Friday, August 25, 2023

Muratova’s Brief Encounters

As a district committee councilor, Valya should be shining example of socialist feminism. Unfortunately, she cannot get much done or get much respect from colleagues. She doesn’t even mind that much, because she enjoys the mantle of authority, for its own sake. That makes her the polar opposite of her husband Maksim, but that is why she can’t let go of him. It turns out the same is also true of her new housekeeper. It is a classic love triangle, but the off-kilter presentation got it banned during the Soviet era. Viewers can judge it for themselves when Ukrainian Kira Muratova’s freshly restored Russian-language Brief Encounters opens today in New York.

Valya is super-organized in the office, but terrible at house chores. That will be Nadia’s job. The socially awkward young woman from the countryside will be Valya’s new live-in help. She is home much more than Maksim, who quite surprises Nadia when he finally turns up. Her first [moderately] big city job was at the neighborhood bar Maksim used to frequent with his fellow geologists.

They sound like scientists, but they live more like troubadours or tramps. It is an itinerant lifestyle, ostensibly surveying the countryside gold and silver, but they devote more of their time to drinking and singing folk songs.

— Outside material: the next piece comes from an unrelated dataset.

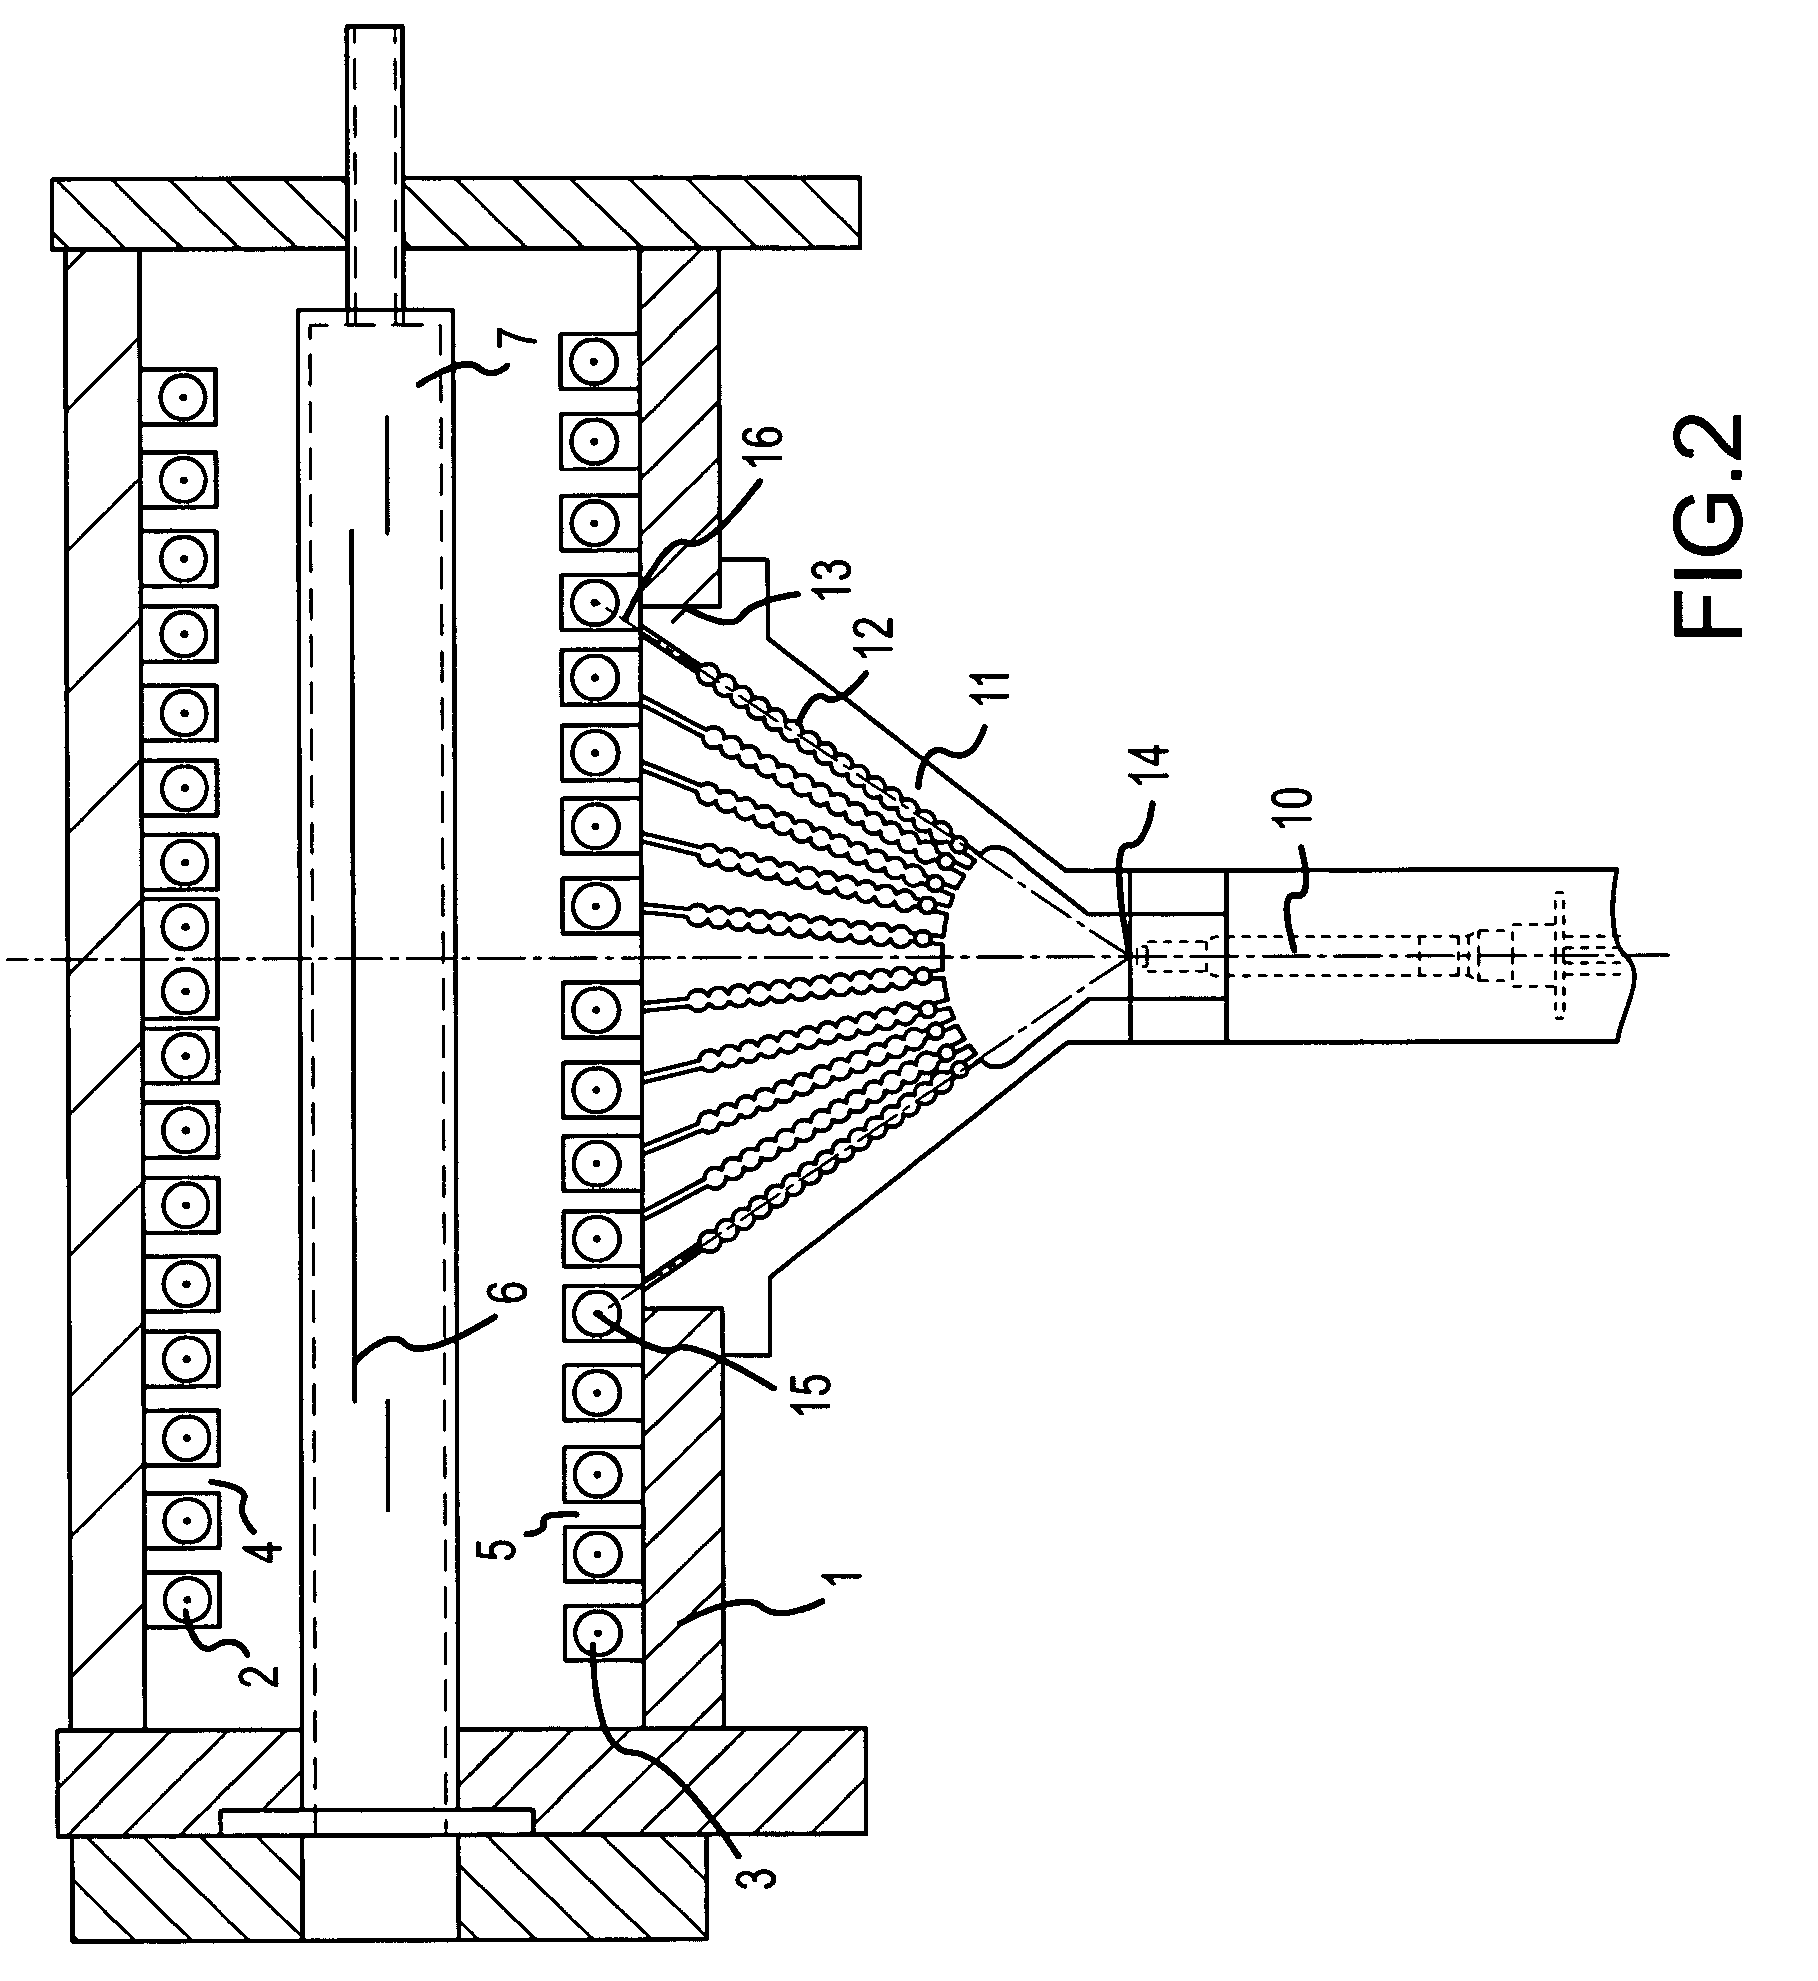 Apparatus and method for measuring the temperature of substrates

That might not sound like your commie uncle’s Socialist Realism, but so what? Most critics just assumed the Soviet authorities rejected Muratova’s fractured narrative and Nouvelle Vague-like techniques. The presence of Vladimir Vysotsky, the popular underground folksinger often surveilled by the KGB, probably did not help either.

However, Muratova’s portrayal of apparatchik corruption includes more arsenic than a lot of critics realized. At one point, she tells Maksim the story of a man who suddenly lost his running water because his neighbor, Valya’s former crooked boss, lost his position and privileges. It turns out his floor’s water supply was only for his benefit.

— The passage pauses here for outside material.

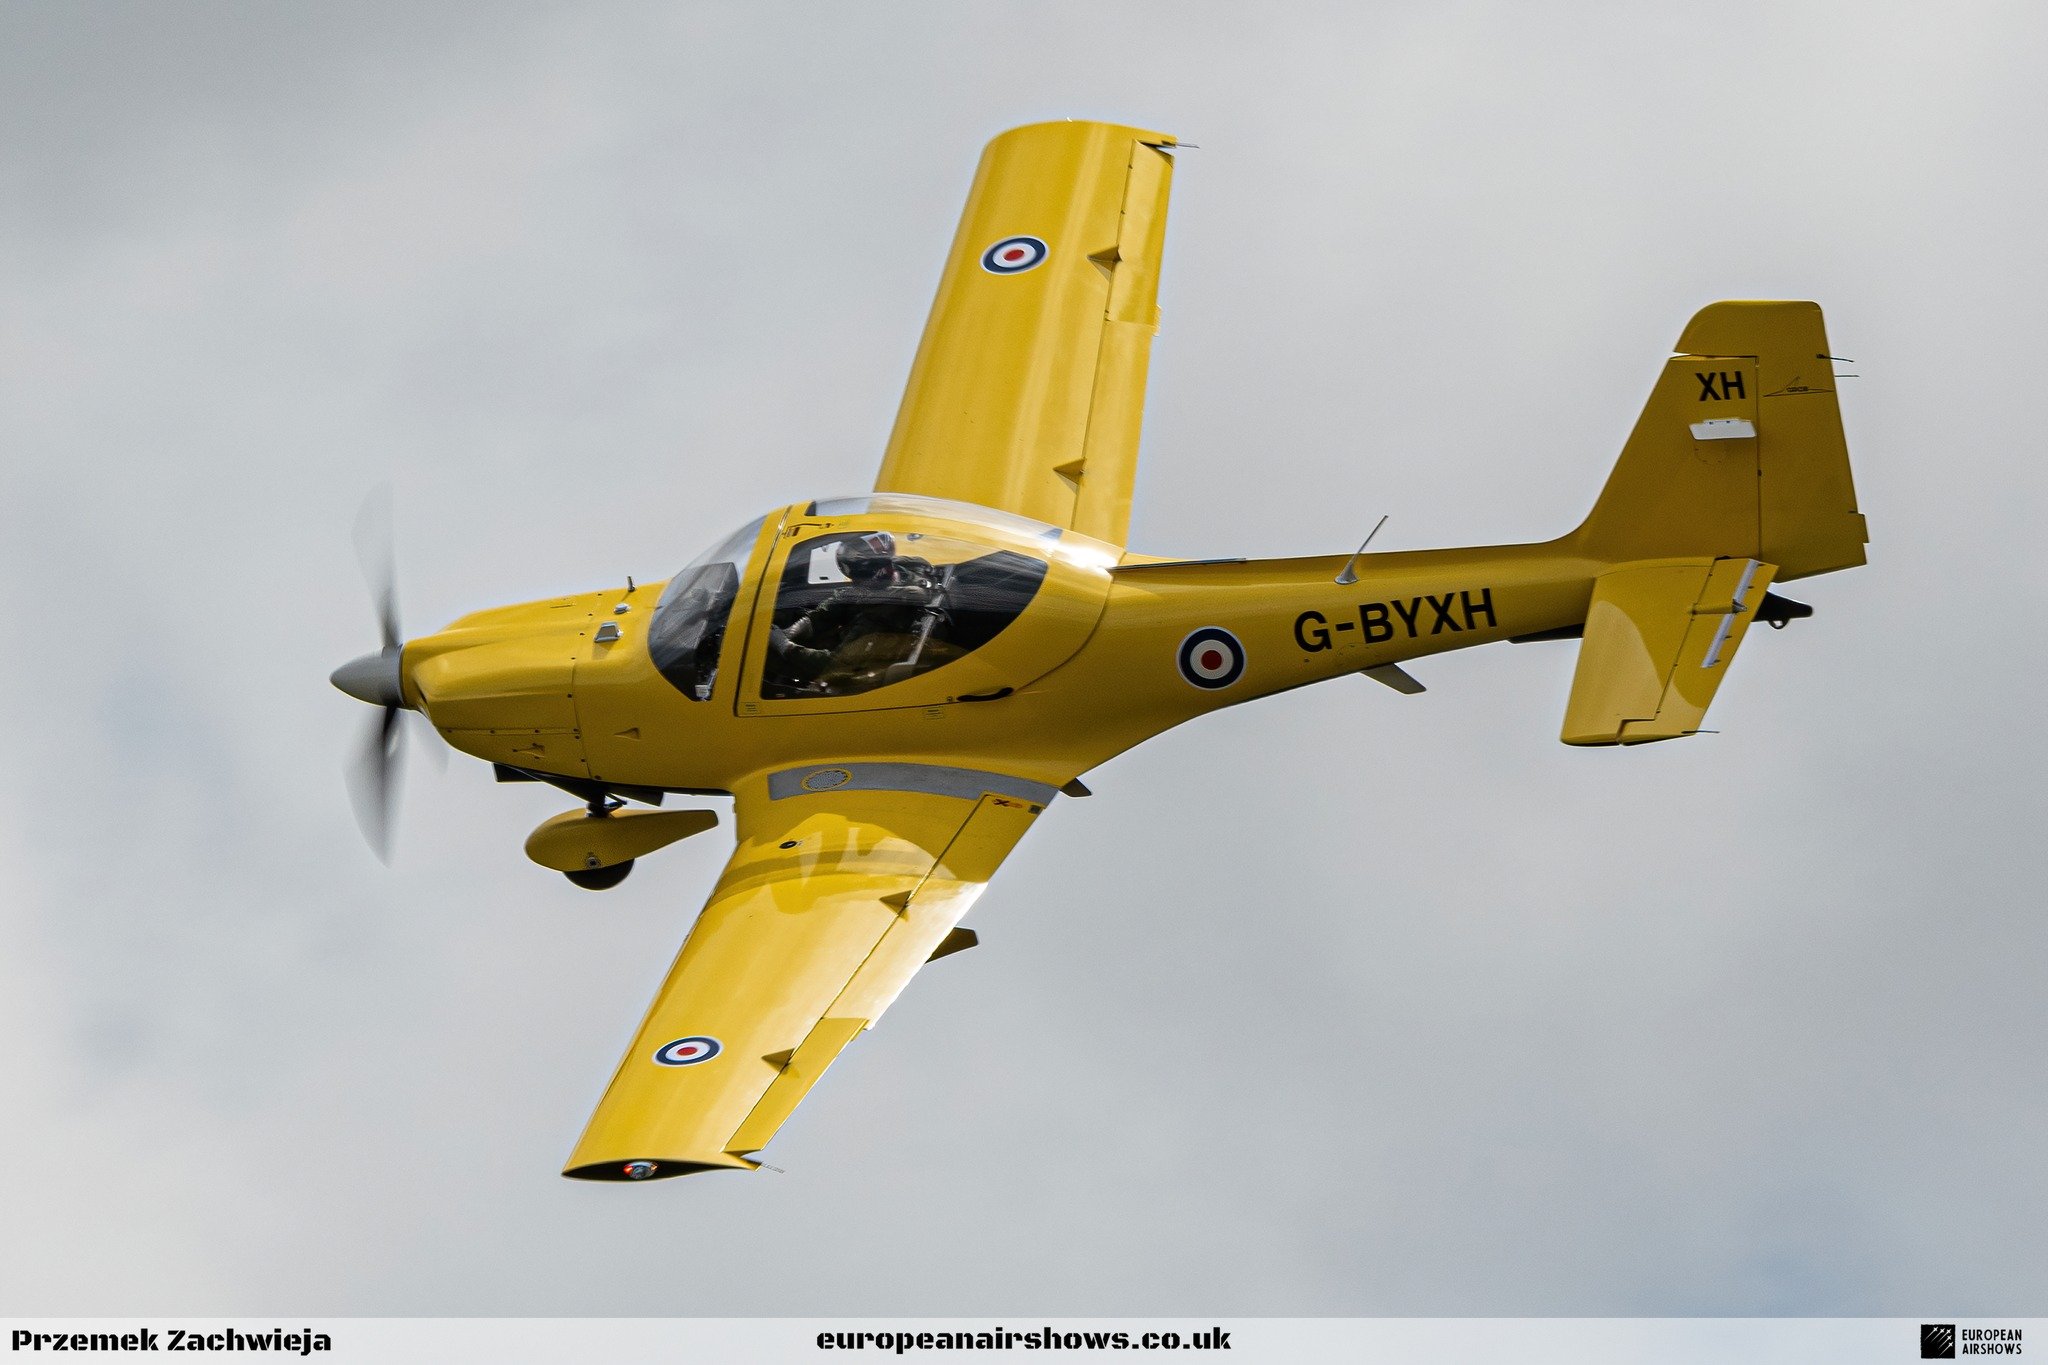 𝐀𝐈𝐑𝐒𝐇𝐎𝐖 𝐍𝐄𝐖𝐒: The Royal Air Force (RAF) Tutor Display Team has released an exciting schedule for its 2024 season, which promises to be full of thrilling aerial displays. The team has also announced that Flight Lieutenant Bob Dewes will be

You have heard wokesters belittle “first world problems.” In 1960s Ukraine, having running water constituted a very real “second world problem.” Tellingly, Valya adamantly refuses to allow on new housing project to open, because the state developer cannot manage to get the water running to the pipes. Yet, Valya is taking all the heat from approved residents, because they are desperate to move out of the single-room dwellings they share with multiple families. Given these sequences, it is easier to understand why Soviet censors took a good hard look at
Brief Encounters and said “nope, not a chance.”

Muratova herself plays Valya with unusual mix of arrogance and vulnerability. Vysotsky was born to play Maksim, who obviously shares a kinship with the Bohemian bluegrass-strumming post-WWII Czechoslovakian “tramps.” However, Nina Ruslanova is too inscrutably reserved for viewers to understand her often impetuous behavior.

Stylistically,
Brief Encounters shares a kinship with the great European art cinema of its era. That does not always best serve the love triangle melodrama, but it is consistently interesting cinema, with more satirical bite than it is getting credit for. Highly recommended, Brief Encounters opens today (8/25) in New York.